The second might go: "It is nonsense to ignore scientific fact. Romeo is simply disguising his wish to mate with Juliet in culturally acceptable terms, which owe nothing to reason."

Note weasel-words "only" and "simply."

This is nonsense on both sides (leaving aside the obvious fact that young man don't talk like this very often, and nowadays might well express their desires in rather earthier terms, but "RandJ" is a great play, not a fly-on-the-wall documentary of a lads' night out.)

The subjective reality of falling in love is every bit as powerful as the scientific explanation of what's happening. It's not either/or. The science is fascinating and rewarding to know, helps us understand our emotions and reactions to each other. To the extent that we now talk of "the right chemistry" when people get together. Shakespeare wouldn't have known what we meant.

The relevance of all this to mindfulness about mortality?
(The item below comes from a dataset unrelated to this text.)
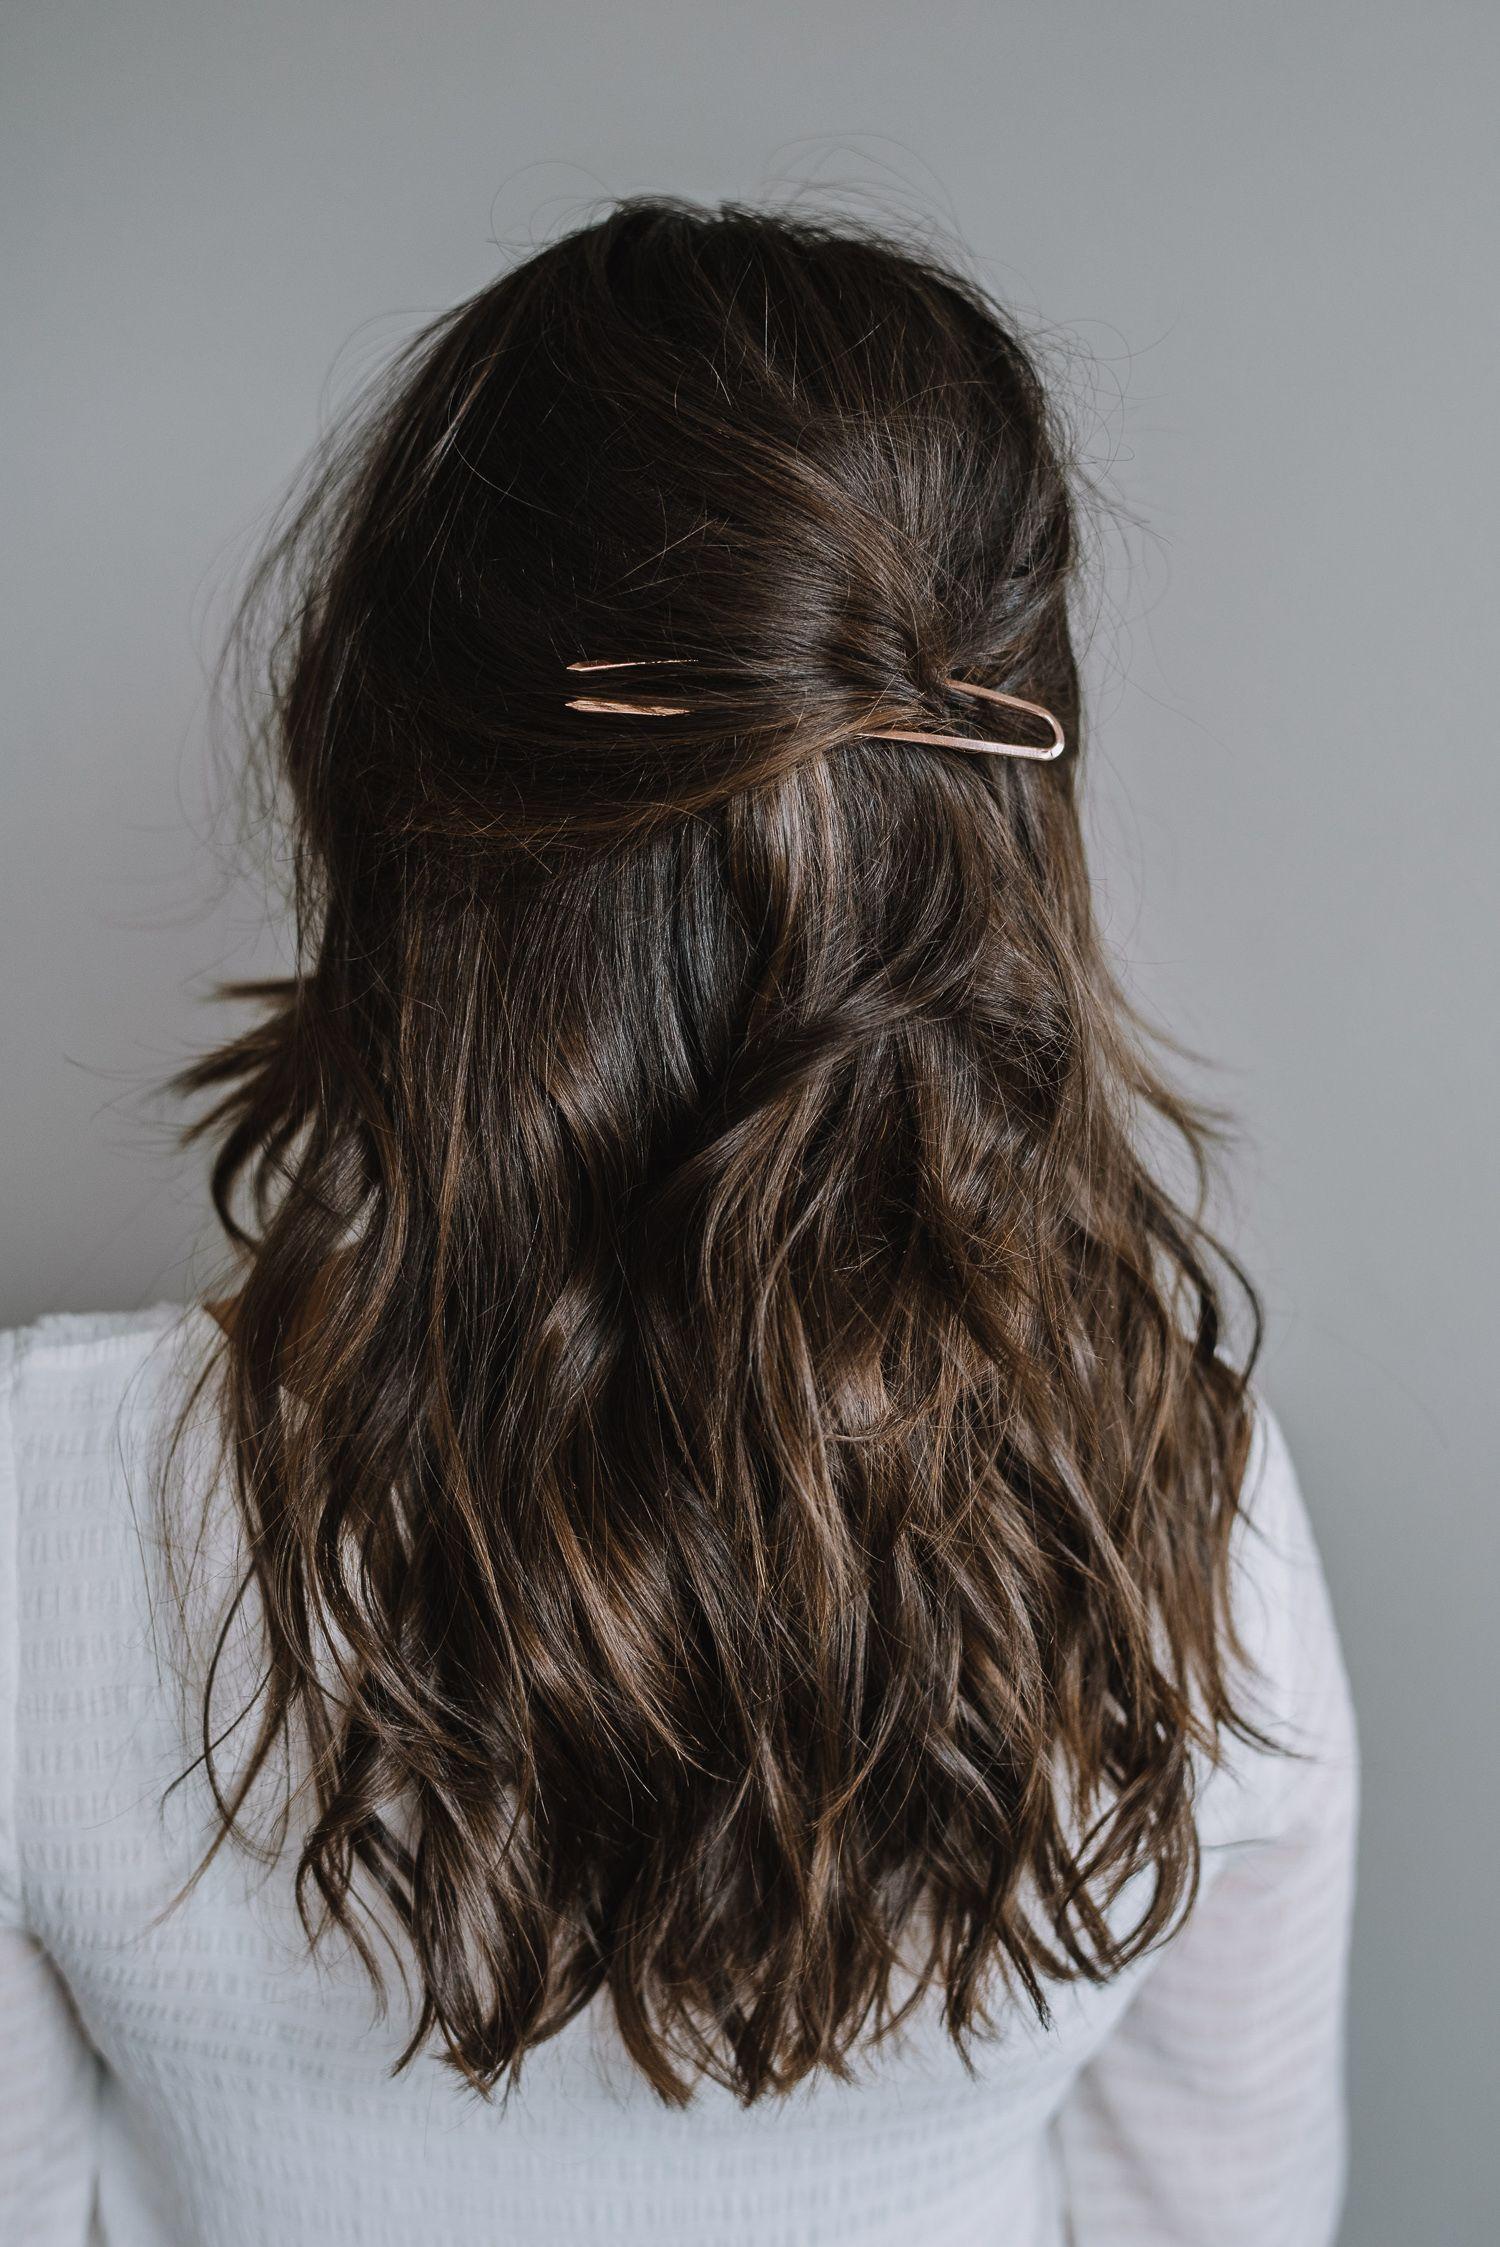 2019 year lifestyle- Hair holiday tutorials pinterest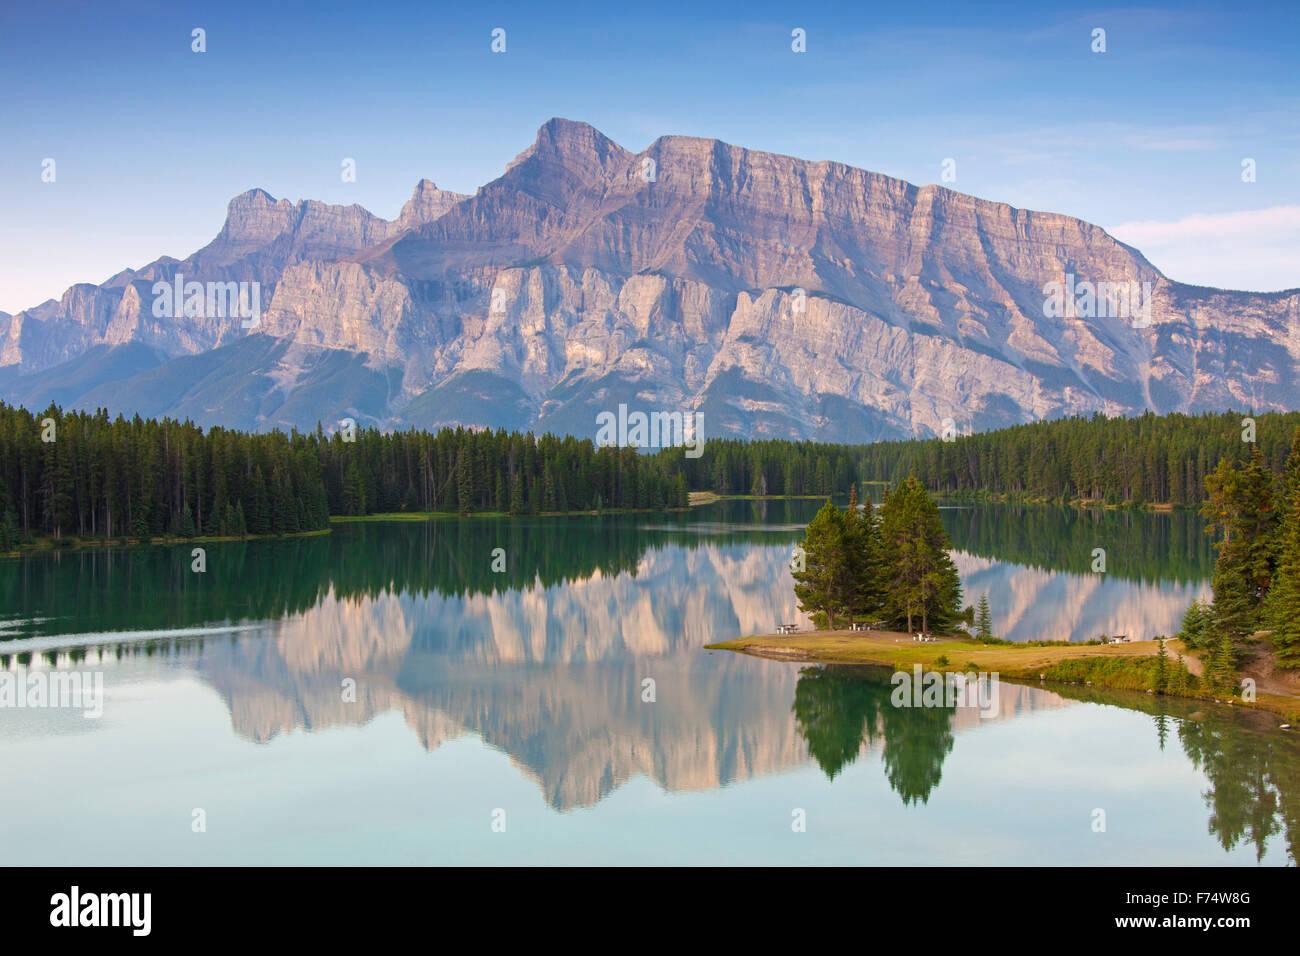 Le mont Rundle et le lac Two Jack, Banff National Park, Alberta, Canada, Canadian Rockies Photo Stock

It runs alongside and in some ways resembles the hopeless and useless duality of arguments between people who are close-minded about their religious beliefs, and those who are close-minded about scientific fact.

You don't have to believe in God and an afterlife to feel moments of grace, of spiritual profundity, of transcendence. You don't have to be a religious believer to acknowledge the validity of people's feelings about profound matters of life and death. You don't have to be a rigid materialist to wonder at the enlightenments that are coming from neuroscience.

I don't know what the chemical or electrical basis of compassion is, but it seems to be in short supply in our world.

"Faith, hope and charity, these three; and the greatest of these is charity."

That's so obviously true, even to one who believe, in a literal sense, only about one in a thousand of the words in the Bible.

(I'm told "charity" there is a certain kind of selfless love, and so translating it as "love" doesn't really work. Romeo's steam-heat ardour it is not; compassionate it certainly is.)

1 comment:

  1. Ah this gets the bean revving. Truly (I think) wisdom is ambivalence, combined with a disposition to marvel. Nothing looks good pinned and wriggling.